Provided records -
____
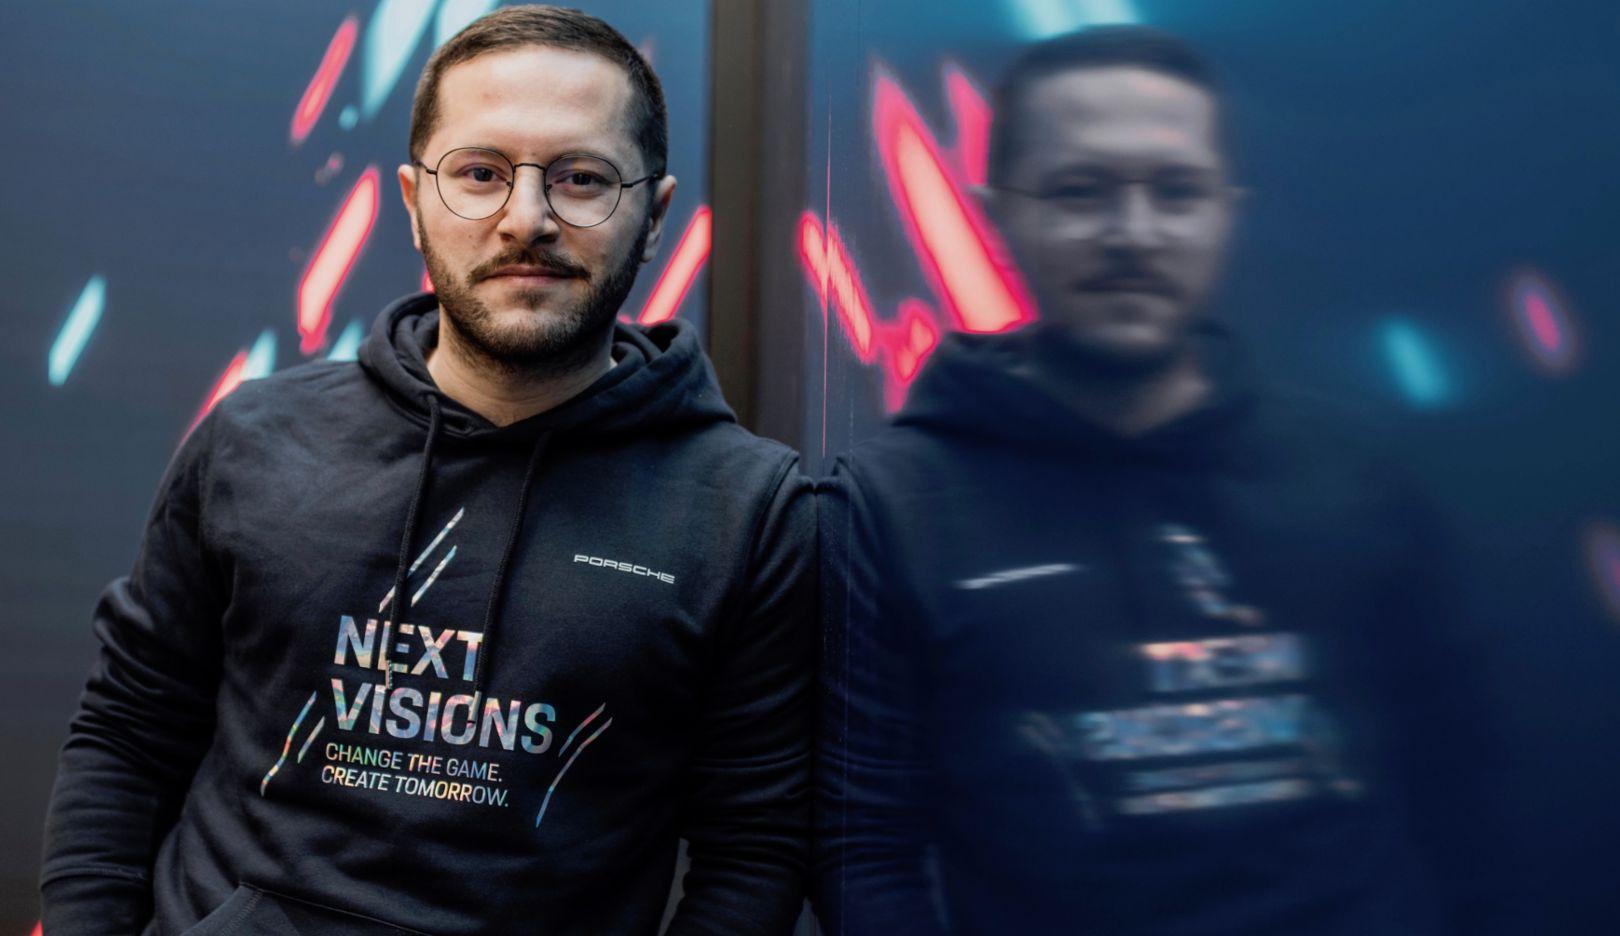 Cihan Sügür, IT Demand Manager at Porsche, 2019, Porsche AG
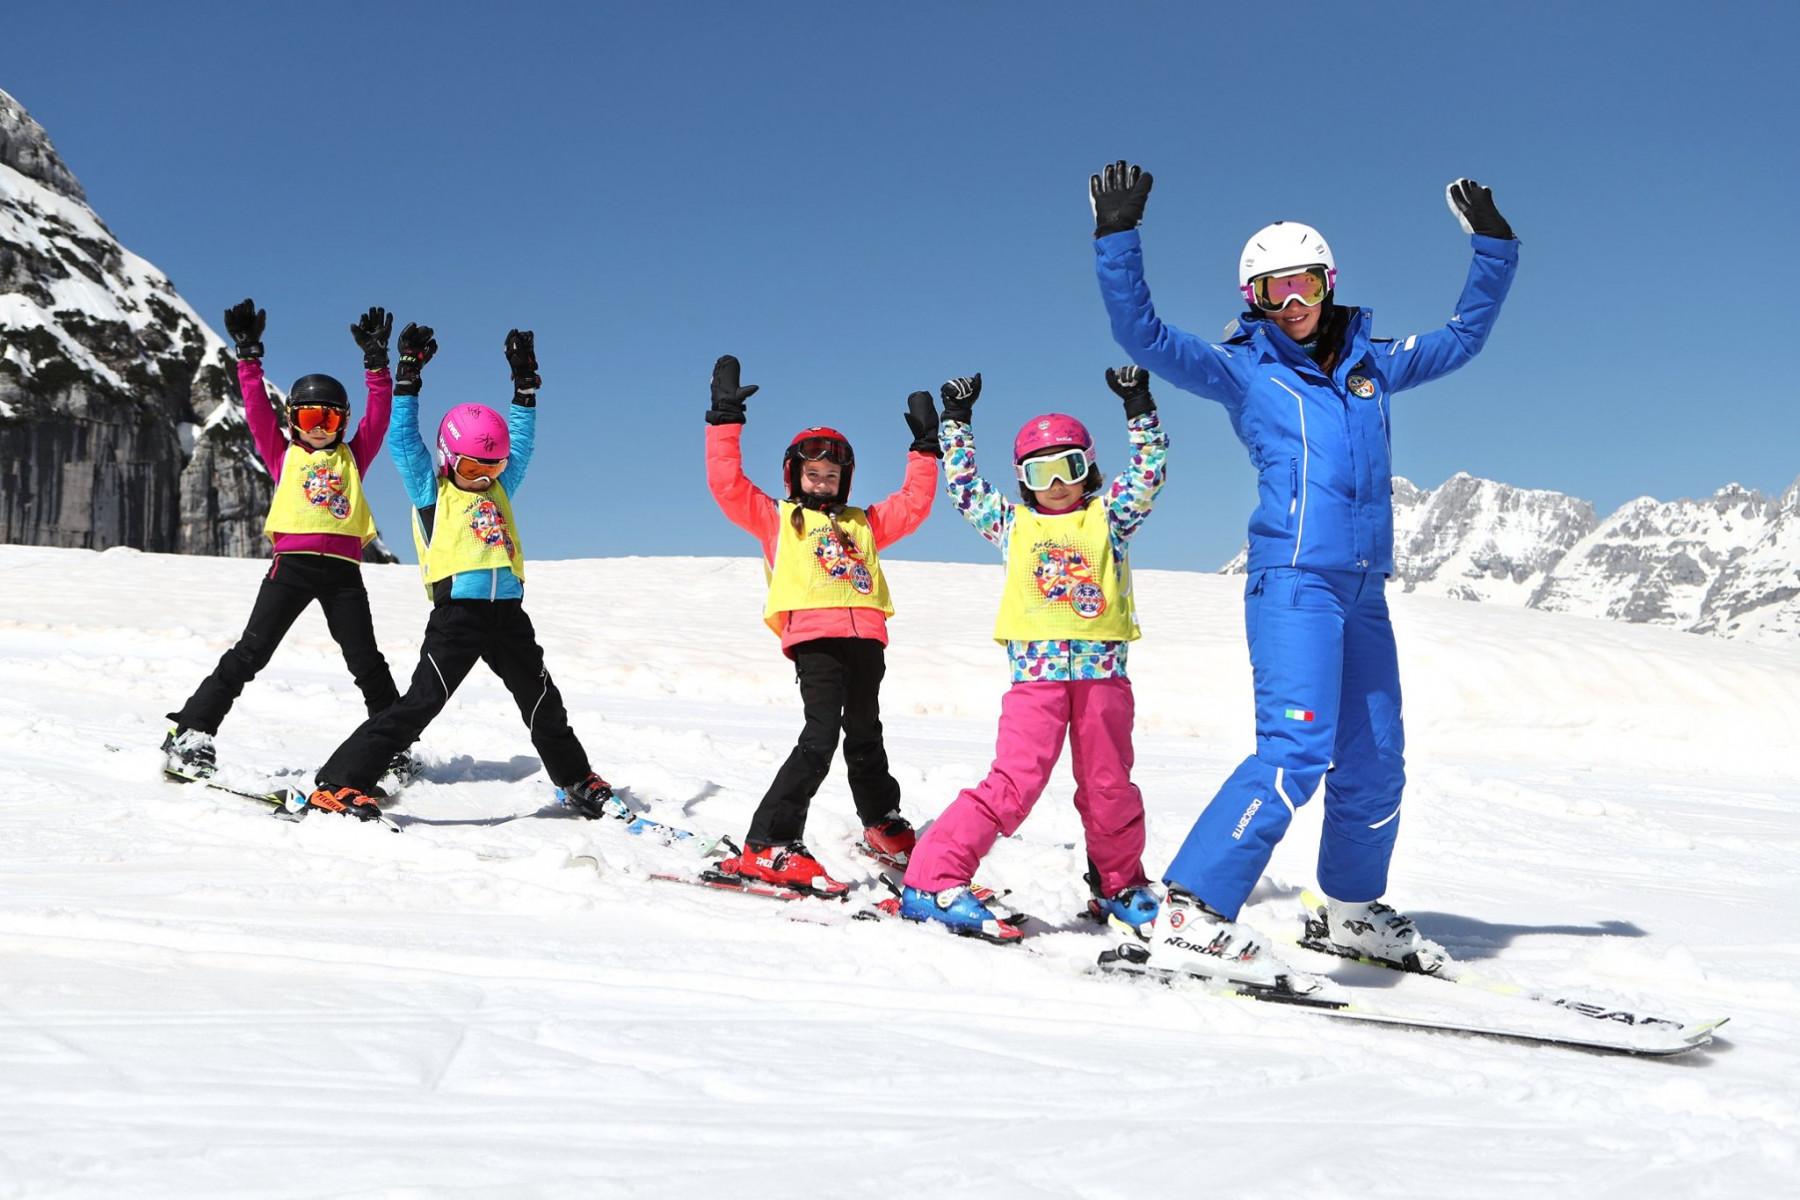 Corso collettivo di sci per bambini principianti ad Andalo
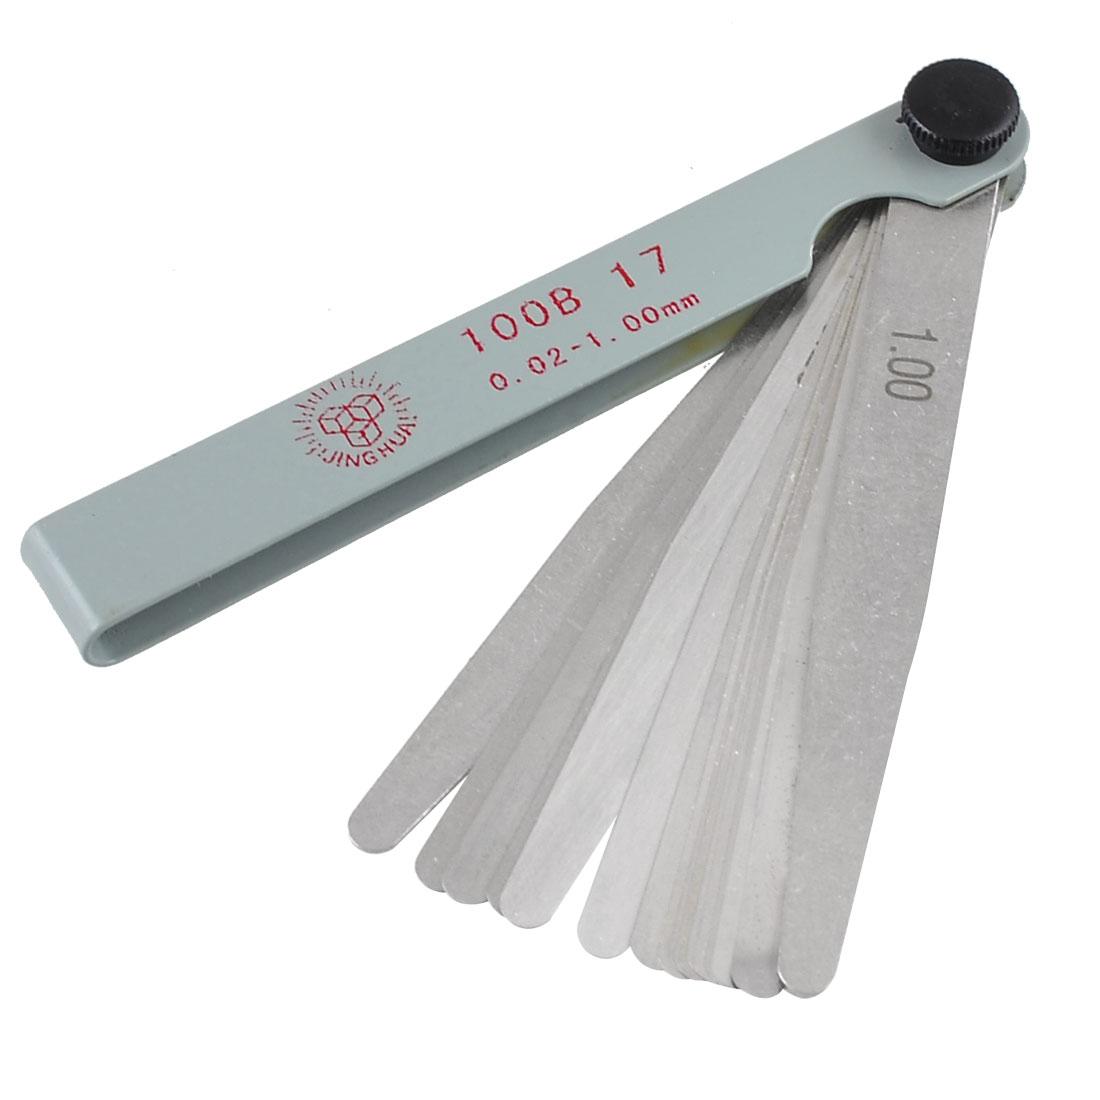 17 in 1 0.02-1.00mm Metric Gap Measure Feeler Gauge Tool 11cm Long
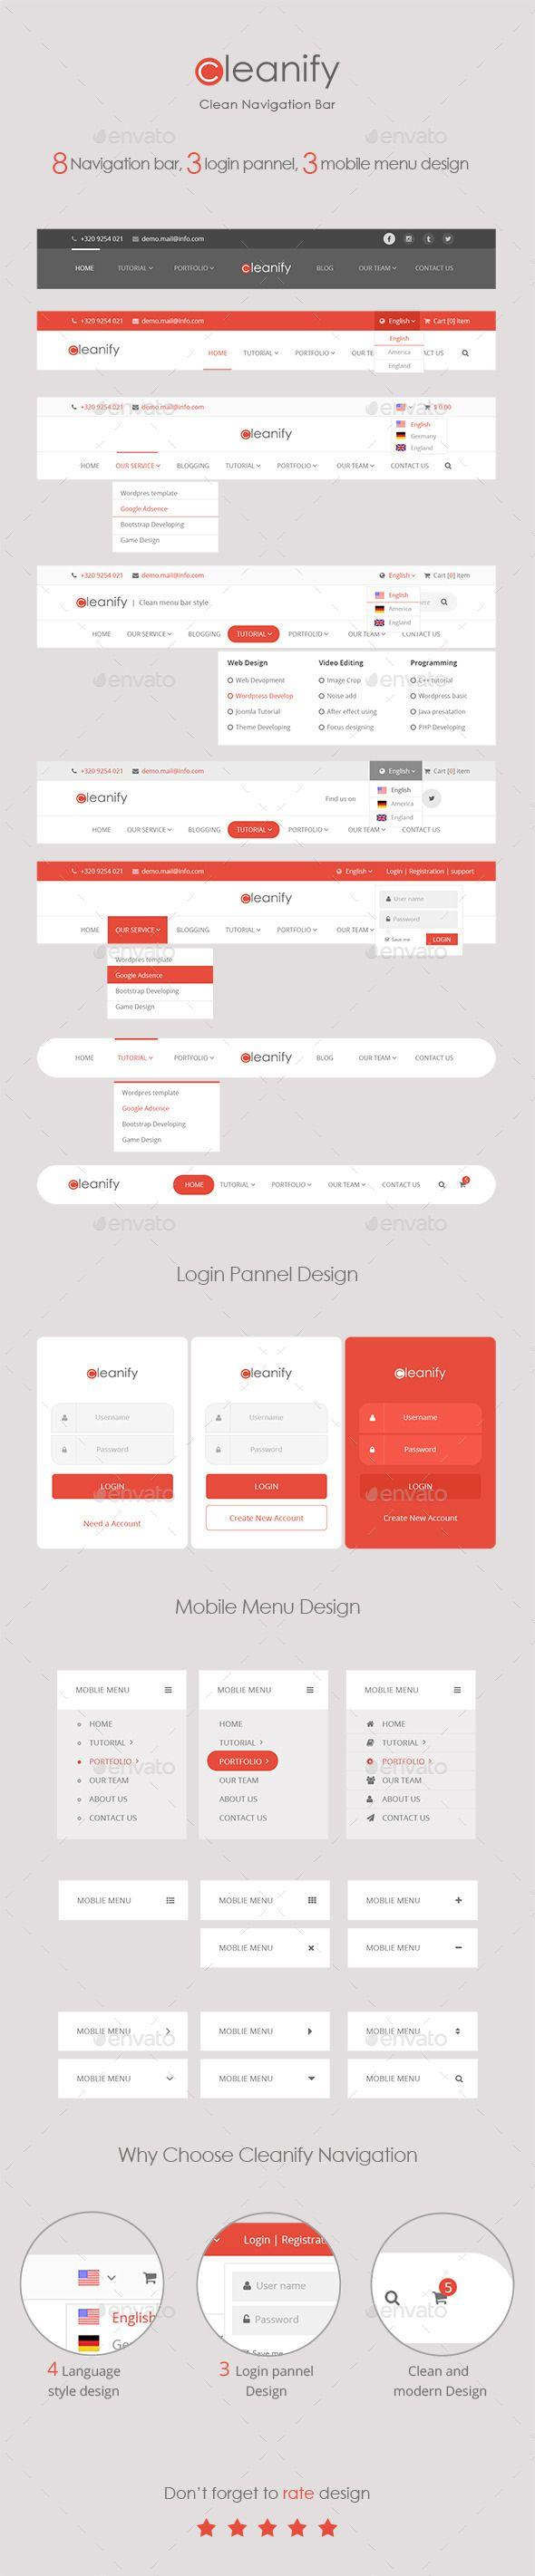 Cleanify Navigation Bar Navigation Bars Web Elements Header Design Web Design Creative Web Design
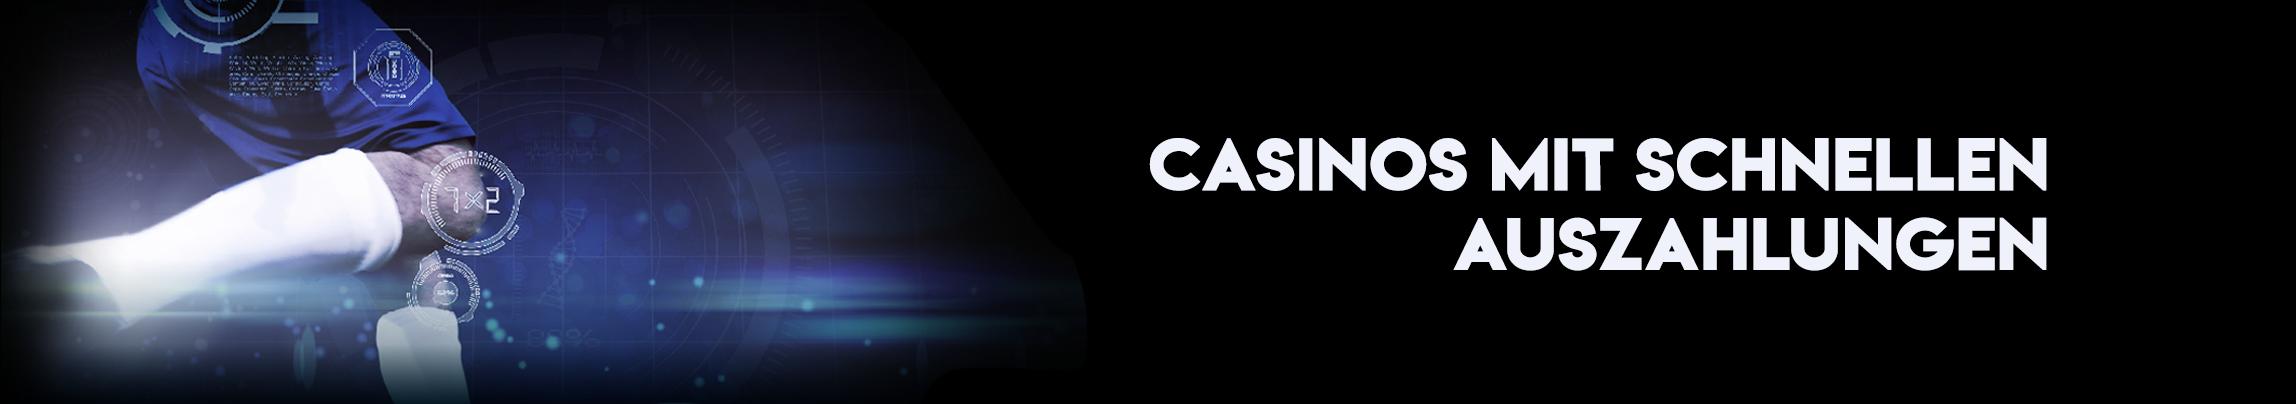 casinos mit schnelle auszahlungen logo
____
Work instruction - The lines above must be transcribed exactly, with every picture left out.

Answer box -
 Cihan Sügür, IT Demand Manager at Porsche, 2019, Porsche AG
 Corso collettivo di sci per bambini principianti ad Andalo
 17 in 1 0.02-1.00mm Metric Gap Measure Feeler Gauge Tool 11cm Long
 Cleanify Navigation Bar Navigation Bars Web Elements Header Design Web Design Creative Web Design
 casinos mit schnelle auszahlungen logo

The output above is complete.